**ABOUT THIS TASK**:
From the line holding "Wattpad-Fanfiction-Infographic1" through the line holding "суперджет, брендинг авиакомпании" below, write out every line exactly; include both of those lines and drop the pictures.

Segment Start: THE INPUT

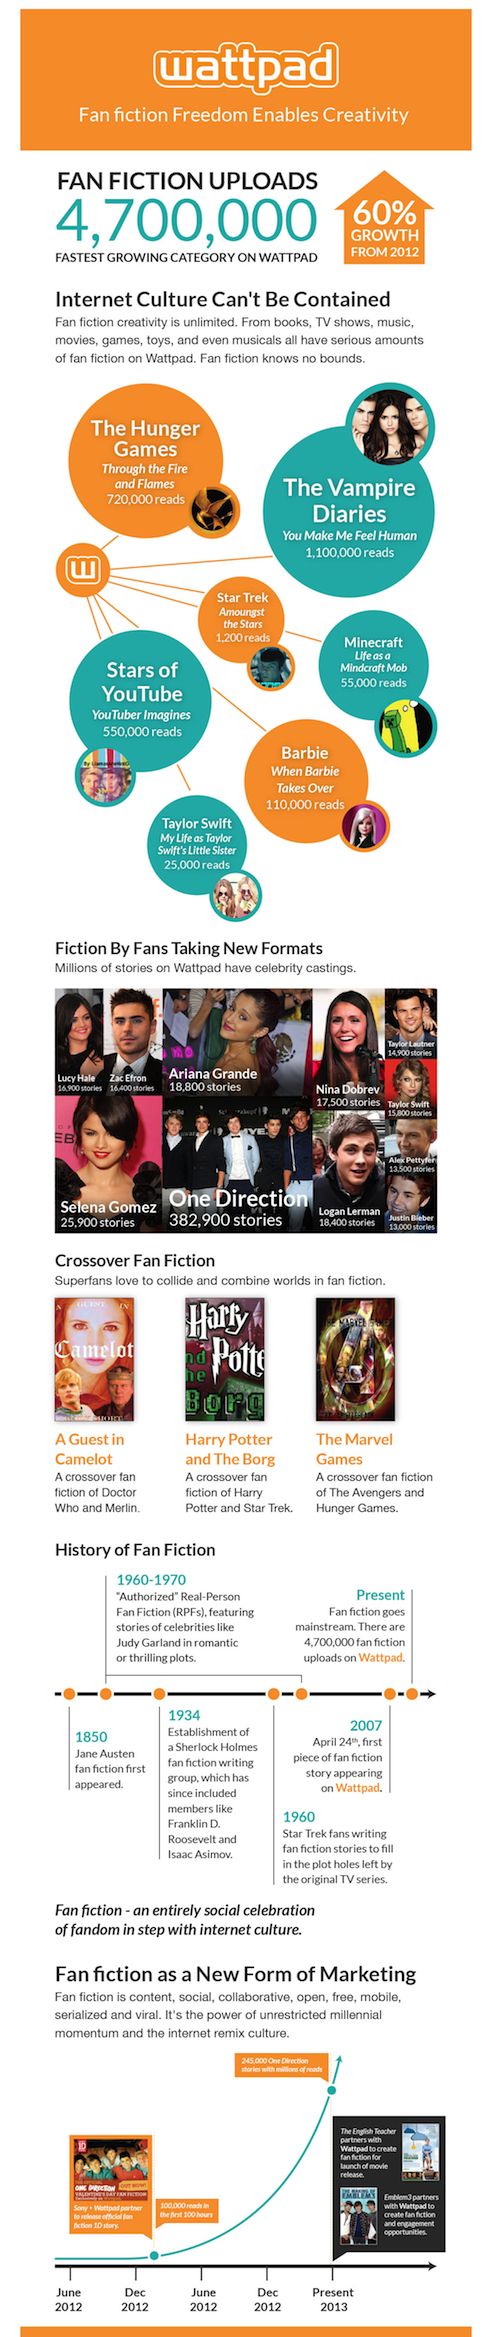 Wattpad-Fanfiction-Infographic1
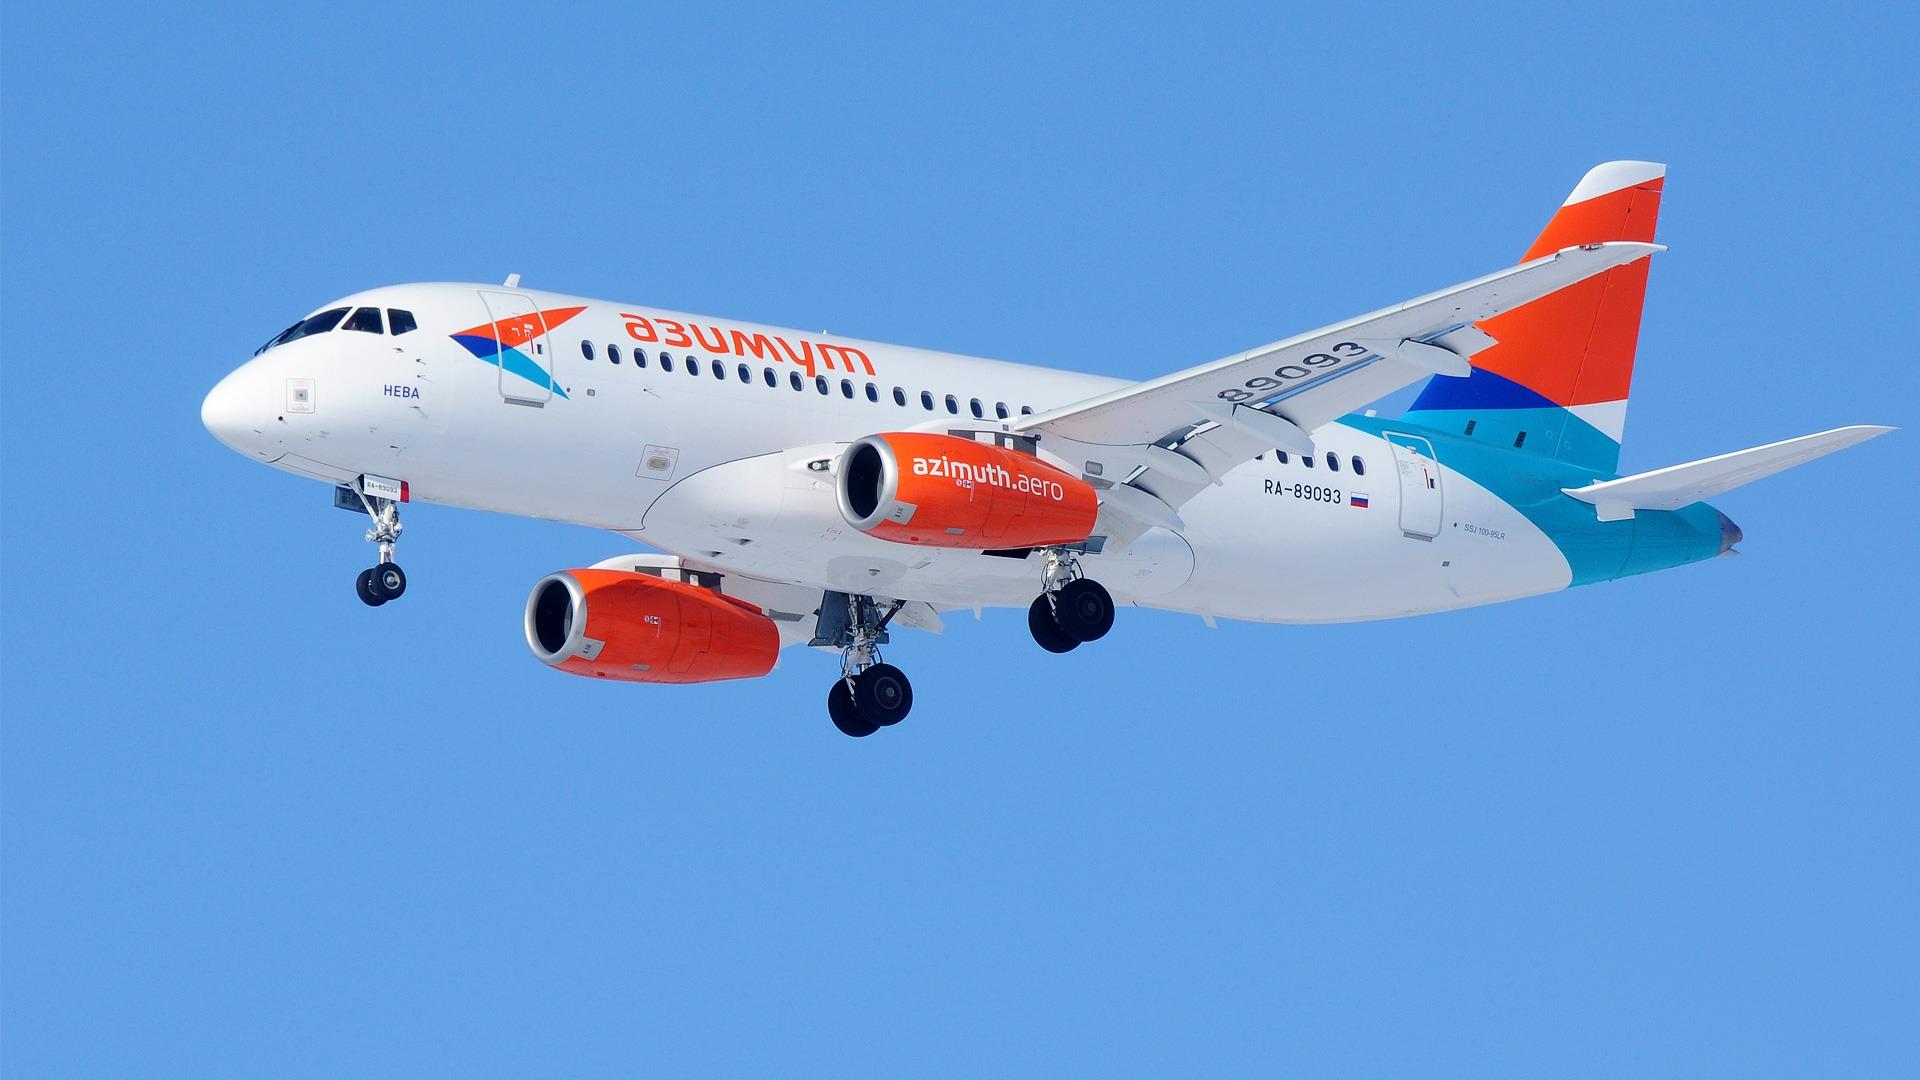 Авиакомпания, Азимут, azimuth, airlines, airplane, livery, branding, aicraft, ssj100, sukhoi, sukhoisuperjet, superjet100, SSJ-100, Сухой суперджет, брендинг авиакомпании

Segment End: THE INPUT
Segment Start: THE INPUT

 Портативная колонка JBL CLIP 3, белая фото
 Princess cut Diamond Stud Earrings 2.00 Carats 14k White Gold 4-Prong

Segment End: THE INPUT
Segment Start: THE INPUT

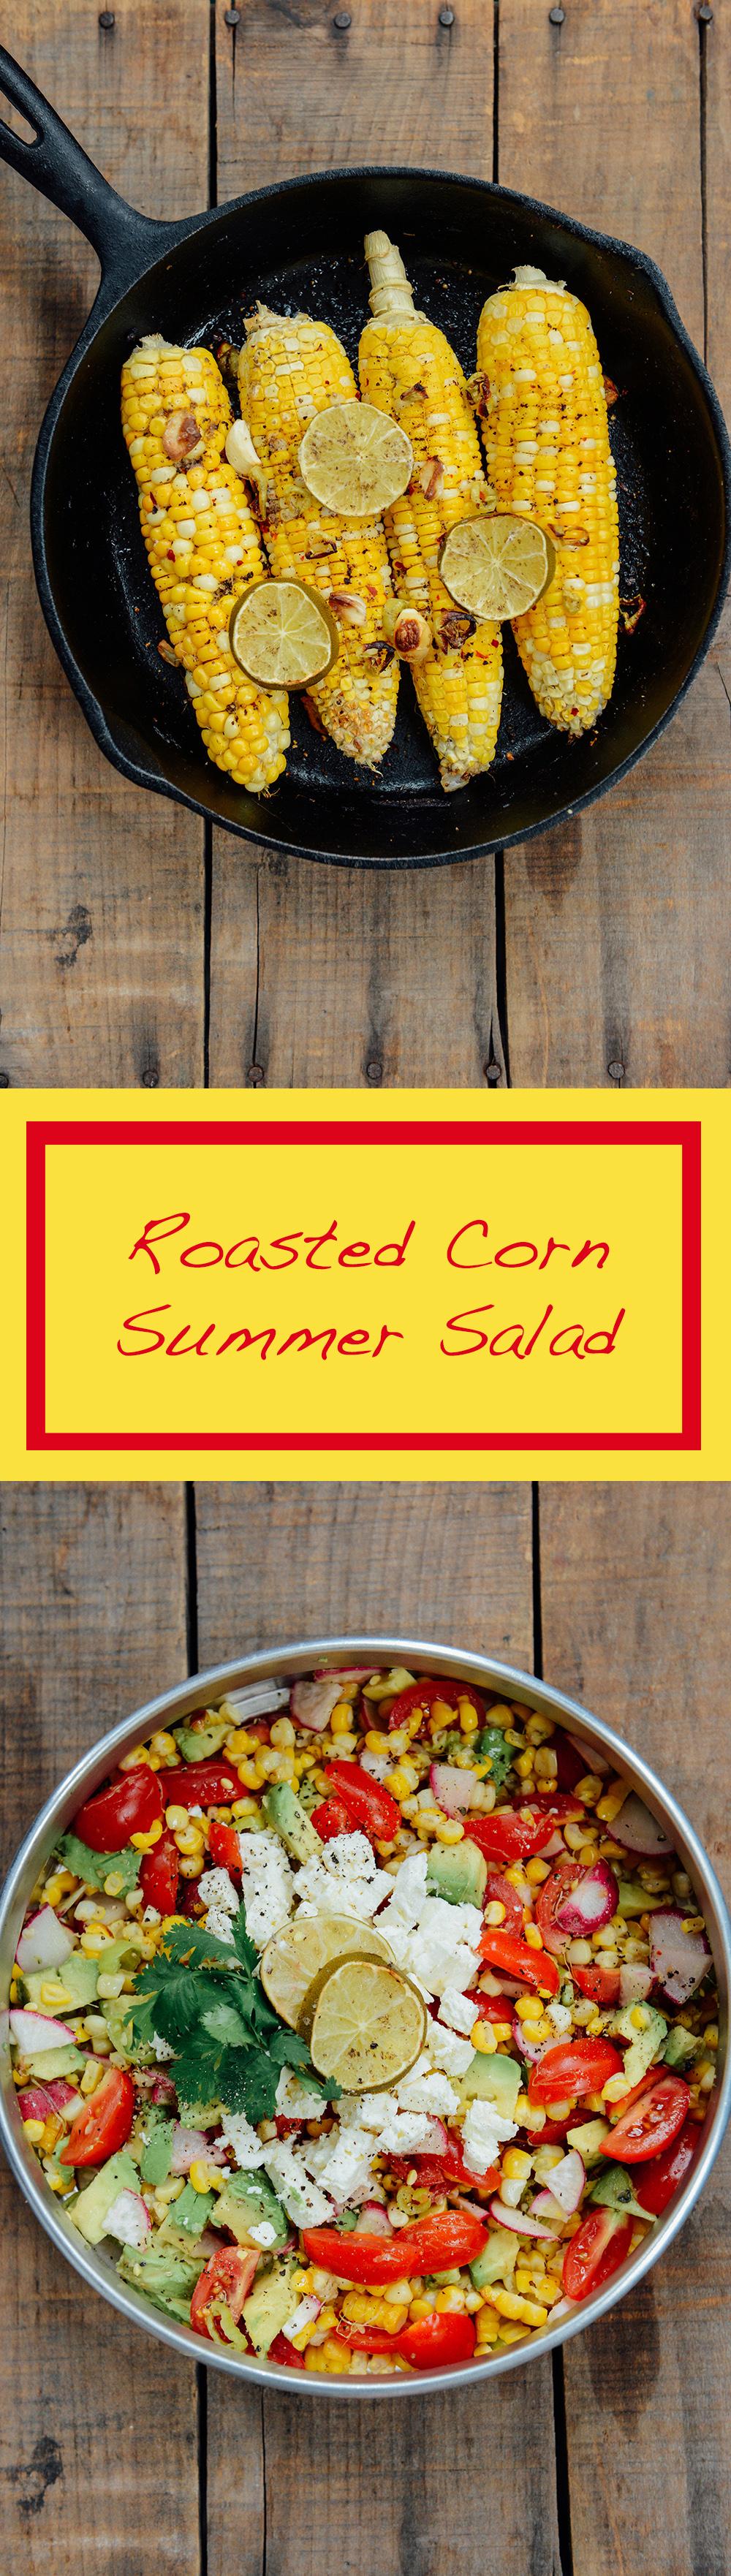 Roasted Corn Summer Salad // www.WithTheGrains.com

Segment End: THE INPUT

**EXERCISE ANSWER**:
 Wattpad-Fanfiction-Infographic1
 Авиакомпания, Азимут, azimuth, airlines, airplane, livery, branding, aicraft, ssj100, sukhoi, sukhoisuperjet, superjet100, SSJ-100, Сухой суперджет, брендинг авиакомпании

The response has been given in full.